Ken Shine

Personal information
- Born: 22 November 1947 Newcastle, New South Wales, Australia
- Died: 4 June 2026 (aged 78) Sydney, New South Wales, Australia

Coaching information
Club
| Years | Team | Gms | W | D | L | W% |
| 1994–1997 | South Sydney | 85 | 22 | 4 | 59 | 26 |
- Source: As of 19 February 2019

= Ken Shine =

Australian rugby league footballer and coach (1947–2026)

Ken Shine (22 November 1947 – 4 June 2026) was an Australian rugby league player and coach.

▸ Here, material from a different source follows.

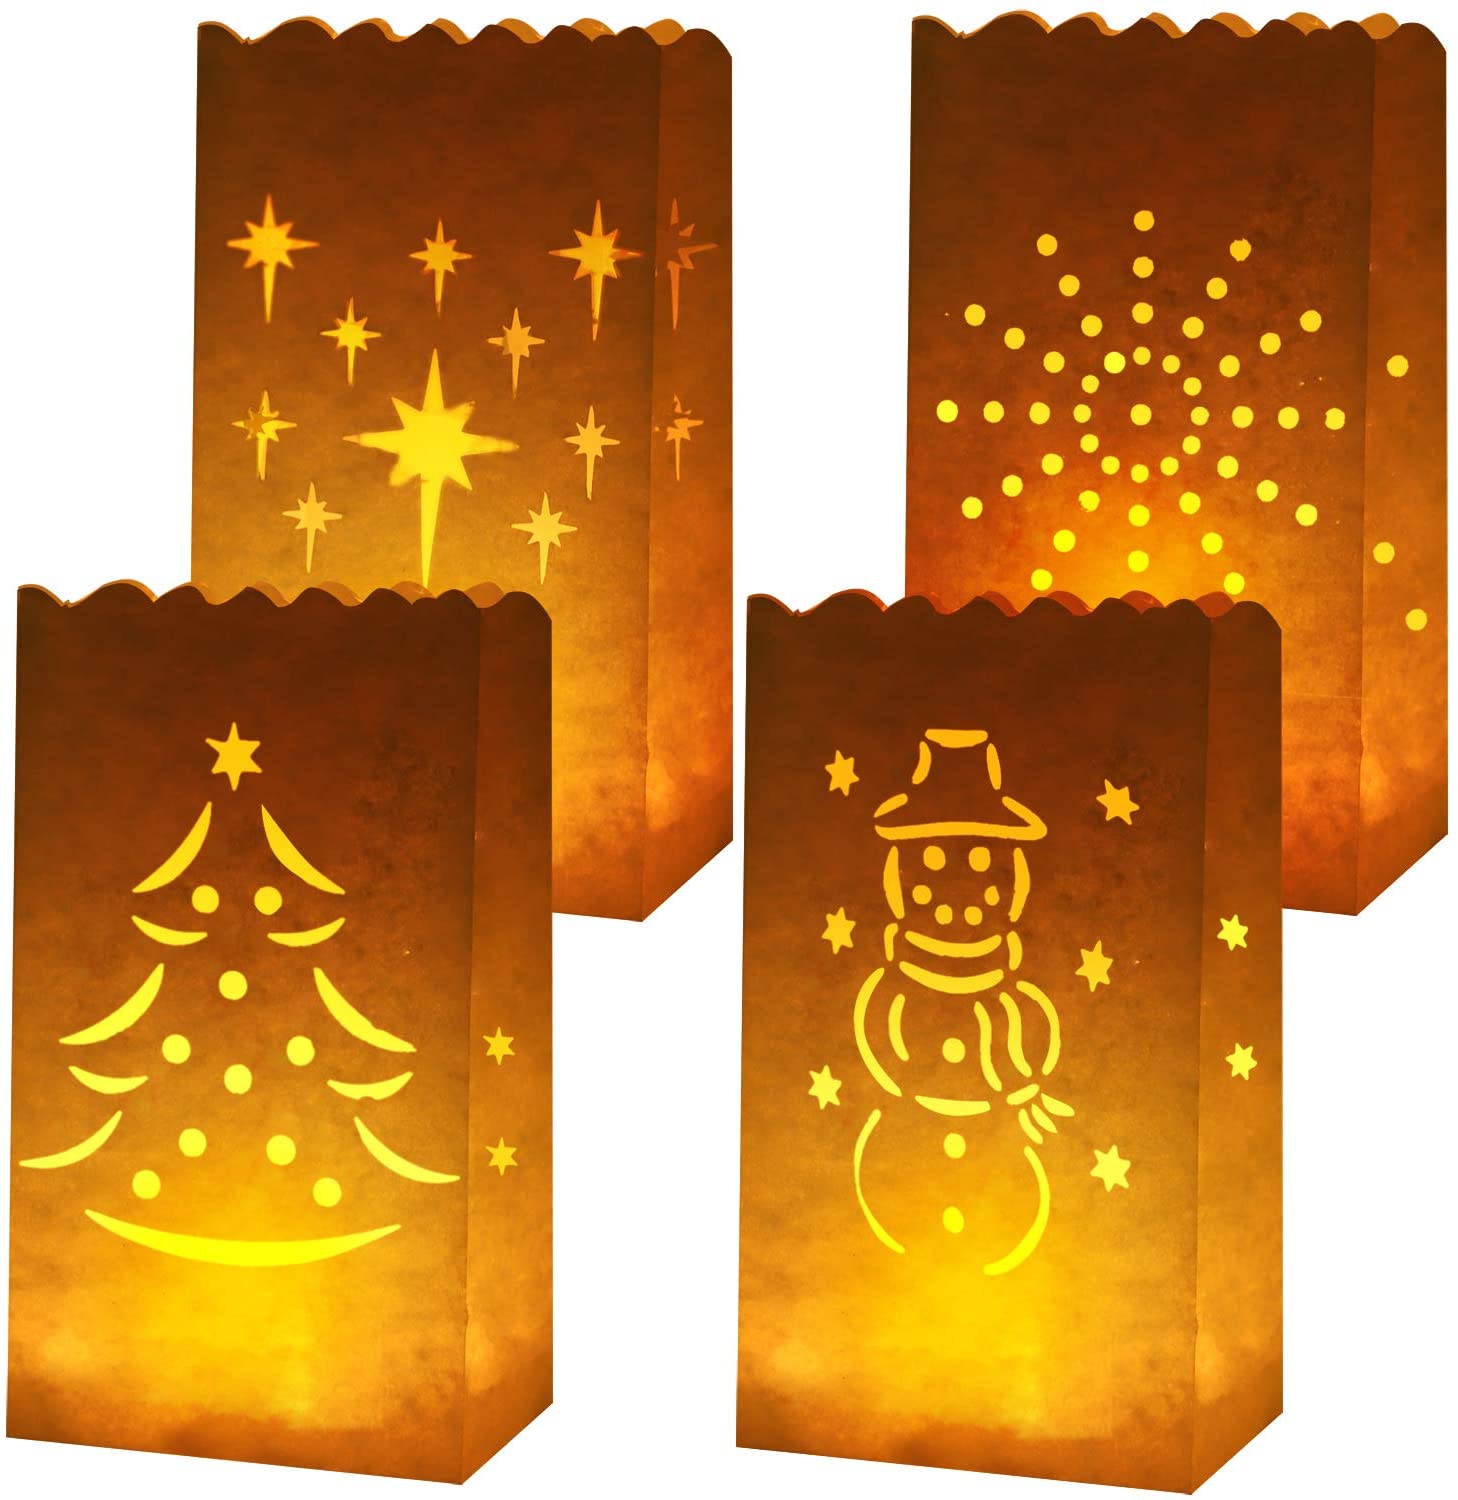 Aneco 72 Pieces Stars Design White Luminary Bags Paper Lantern Bags Flame Resistant Luminary Bags Tealight Candle Holders for Home Outdoor Christmas Party Decoration

He was head coach of the South Sydney Rabbitohs in the National Rugby League.

==Biography==
Shine replaced coach Bob McCarthy after McCarthy stepped down from the coaching role in Round 3 of the 1994 season.

At the time, Souths had just come off a strong pre season where they defeated the Brisbane Broncos 27–26 in a huge upset to win the Tooheys Challenge Cup.

In Shine's first season at coach, he took Souths on a seven-game winning streak and the club looked on track to qualify for the finals for the first time since their minor premiership win in 1989, but a major drop in form saw Souths lose eight of their last nine games.

He coached Souths up until the end of 1997 season until he was replaced by former North Sydney Bears coach Steve Martin.

Shine died in Sydney on 4 June 2026, at the age of 78.